2/ Prefix names are about readability. \003D is not a readable form of "=".
3/ There has been no analysis of alternatives
e.g. expand the range of chars allowed as Gavin suggests.
e.g. reuse delimiting by <> and overload scheme/prefix which has
deployed experience. It's even a recurring user expectation albeit not
common.
4/ The current proposal also introduces \u-escapes into the prefix part
and blank node labels but the argument only applies to the local part of
prefixed names.
What we need is design principle and a set of possible ways to achieve
the objective. \u-escapes is not the only option.
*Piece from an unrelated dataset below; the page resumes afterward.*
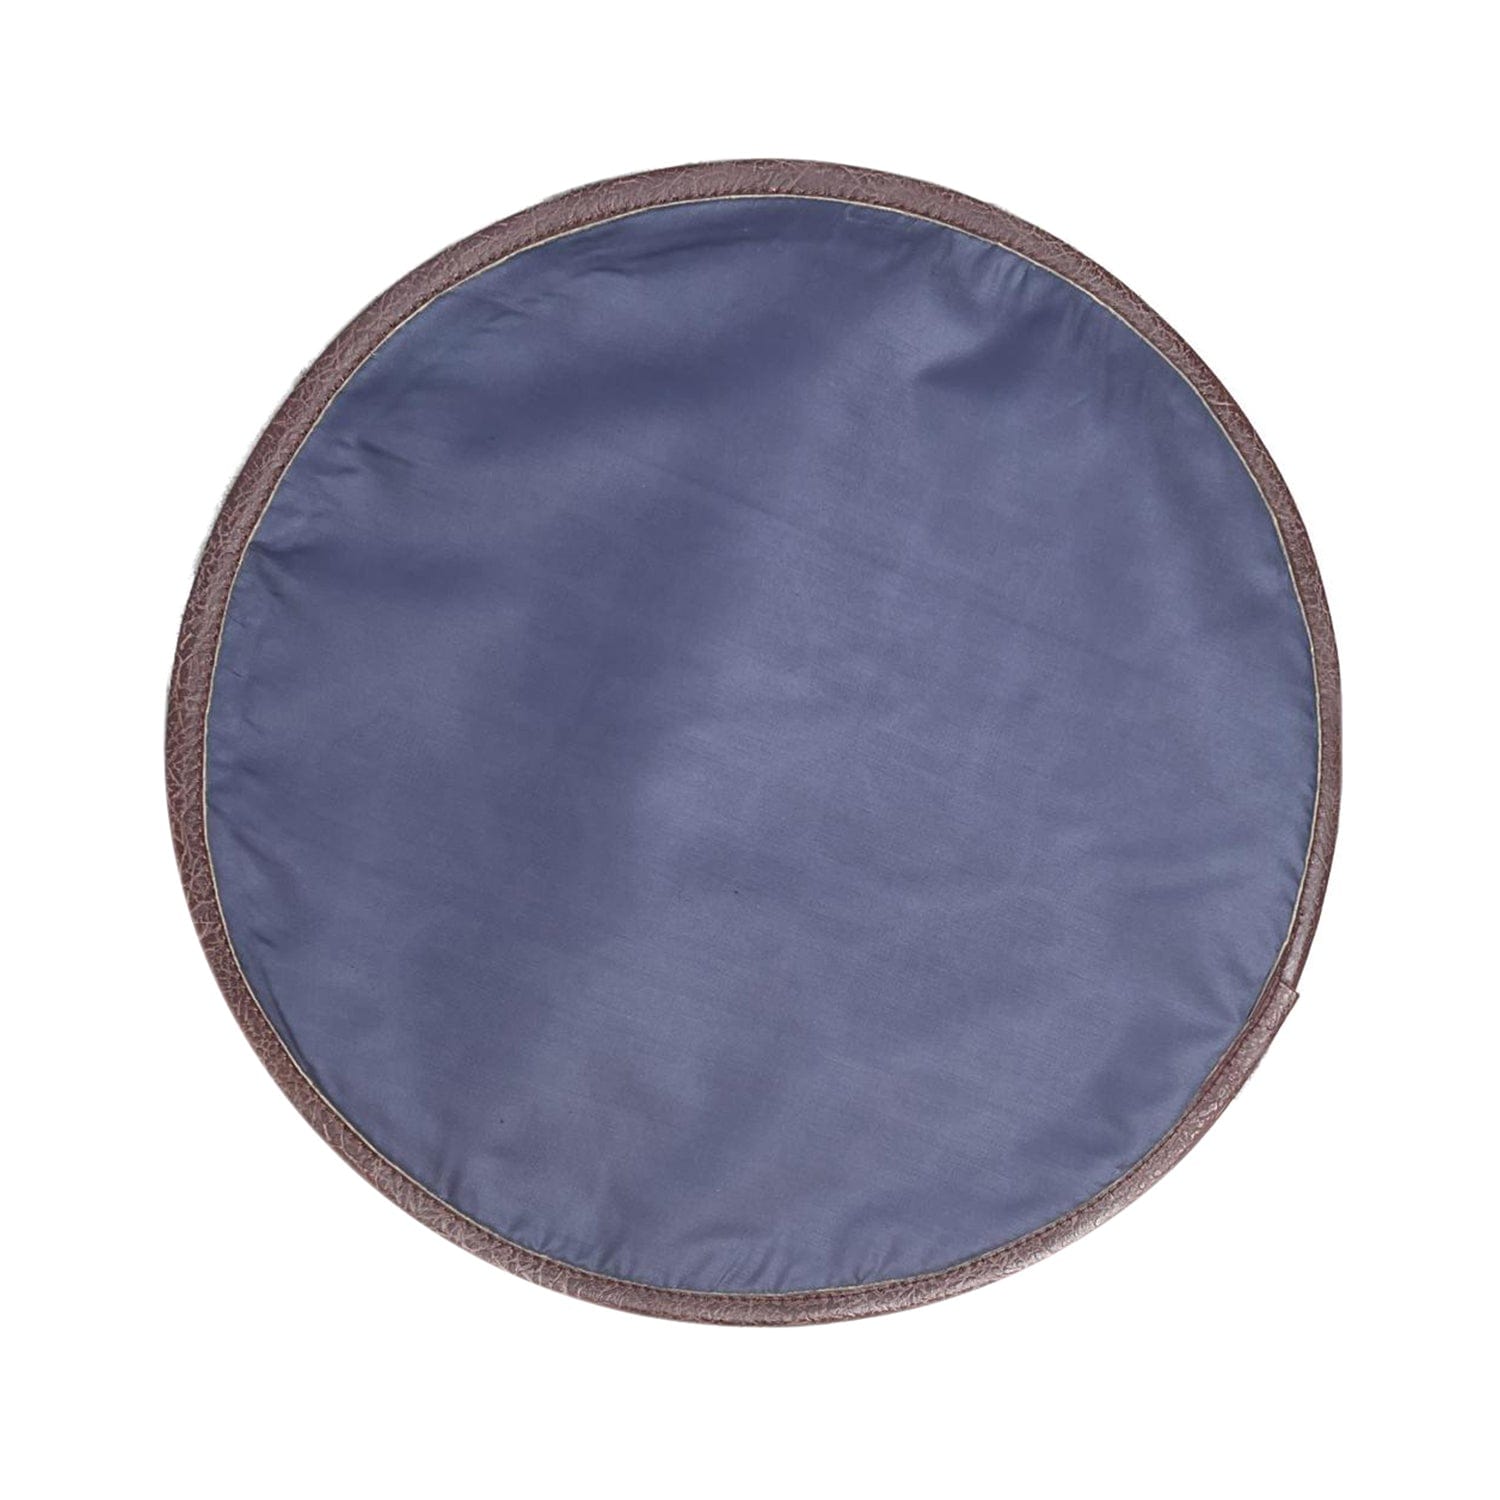 Mona B Set of 2 Printed Mosaic Placemats, 13 INCH Round, Best for Bed-Side Table/Center Table, Dining Table/Shelves (Mosaic) - Placemat by Mona-B - Backpack, Flat30, New Arrivals, Sale, Shop1999, Shop2999, Shop3999

Comments on certain assertions about the current situation inline.
Andy
On 15/08/11 13:11, Eric Prud'hommeaux wrote:
> * Richard Cyganiak<richard@cyganiak.de> [2011-08-15 11:24+0100]
...
>> I think there is consensus in the group that we should not add extensions to Turtle at this point. We should just standardize it as it is already implemented (modulo SPARQL alignment).
>>
>> Personally I am very strongly opposed to extending Turtle in ways that are incompatible with SPARQL.
>
> I agree with keeping SPARQL and Turtle compatible so I'll address
> SPARQL:
>
> SPARQL has already changed from processing escape sequences before
> lexing to after lexing. Previously legal SPARQL strings like
> PREFIX<http://example.org/> ex:
> ASK { ?s ex:ab\u0063d ?o }
> become illegal if SPARQL doesn't accept escaping in prefixed names.
> Do such strings exist in the wild? Probably not as they weren't useful
> to utter (because they were unescaped before lexing). But the argument
> about backward compatibility swings in favor of SPARQL allowing them
> in prefixed names.
I don't follow this argument - there is no backwards compatibility here
for data or queries.
Turtle, upto and including the start point for this WG did not allow \u
escapes in qnames at all. Existing software and data does not use the
feature if it follows that doc.
SPARQL, up and including 1.1 LC, allowed escaping in hard-to-type
charcaters like α (Unicode codepoint 03B1, Greek small letter alphas).
SPARQL-WG has a issue box in the LC to signal the possible change. The
LC period got no feedback on the matter.
Every Turtle and SPARQL parser has to change if these changes become
permanent. That is a backwards compatibility argument.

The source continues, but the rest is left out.